Студентам МГИМО были доступны многие журналы и газеты, издававшиеся на Западе. Серия статей об НЛО, о взаимосвязи почерка и характера, об ощущениях людей, побывавших в состоянии клинической смерти, об ясновидении и биоэнергетике увлекла меня, и я с головой ушел в изучение этих загадочных явлений. Вечерами я переводил статьи, заметки – то, что мог отыскать в иностранной печати, утром бежал на занятия в институт.

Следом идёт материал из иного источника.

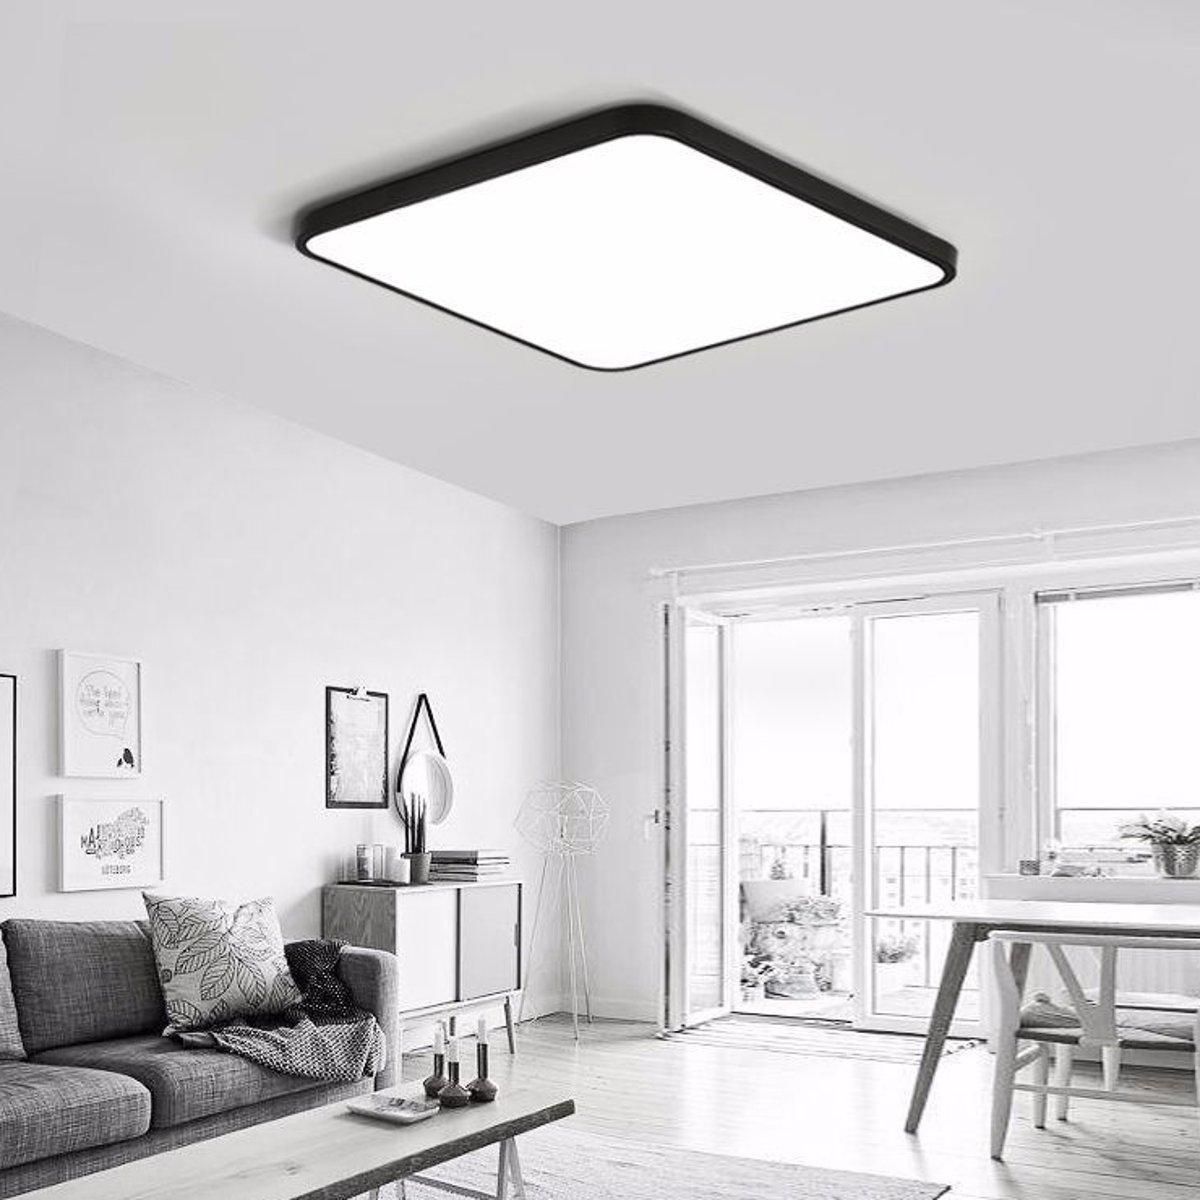 Home, Furniture & DIY Bright LED Ceiling Light Panel Home Kitchen

Это не значит, что я сутки напролет просиживал над книгами и как пай-мальчик тщательно записывал лекции, не опаздывал, не пропускал занятий. Я был нормальным советским студентом, бегал на танцы, мог за один вечер угрохать стипендию в кафе или ресторане, красуясь перед девчонкой, а потом месяц сидеть на хлебе и воде. Во мне бурлила энергия, и по венам, будоража, несся поток молодости. За очень короткое время я приобрел массу друзей, и Москва уже не казалась мне холодной, отторгающей меня столицей. Я вписался в этот противоречивый, сумасшедший, красивый, неожиданный город, вошел в его крутой и четкий ритм. Меня хватало на все: на учебу, на танцы, на театры, на общение с друзьями. Именно там, в МГИМО, стало доступным своими глазами увидеть мир. Ребята разъезжались на практику в разные страны, делились впечатлениями, и никакая многослойная пропаганда уже не могла заглушить вопроса: почему, почему у нас так плохо?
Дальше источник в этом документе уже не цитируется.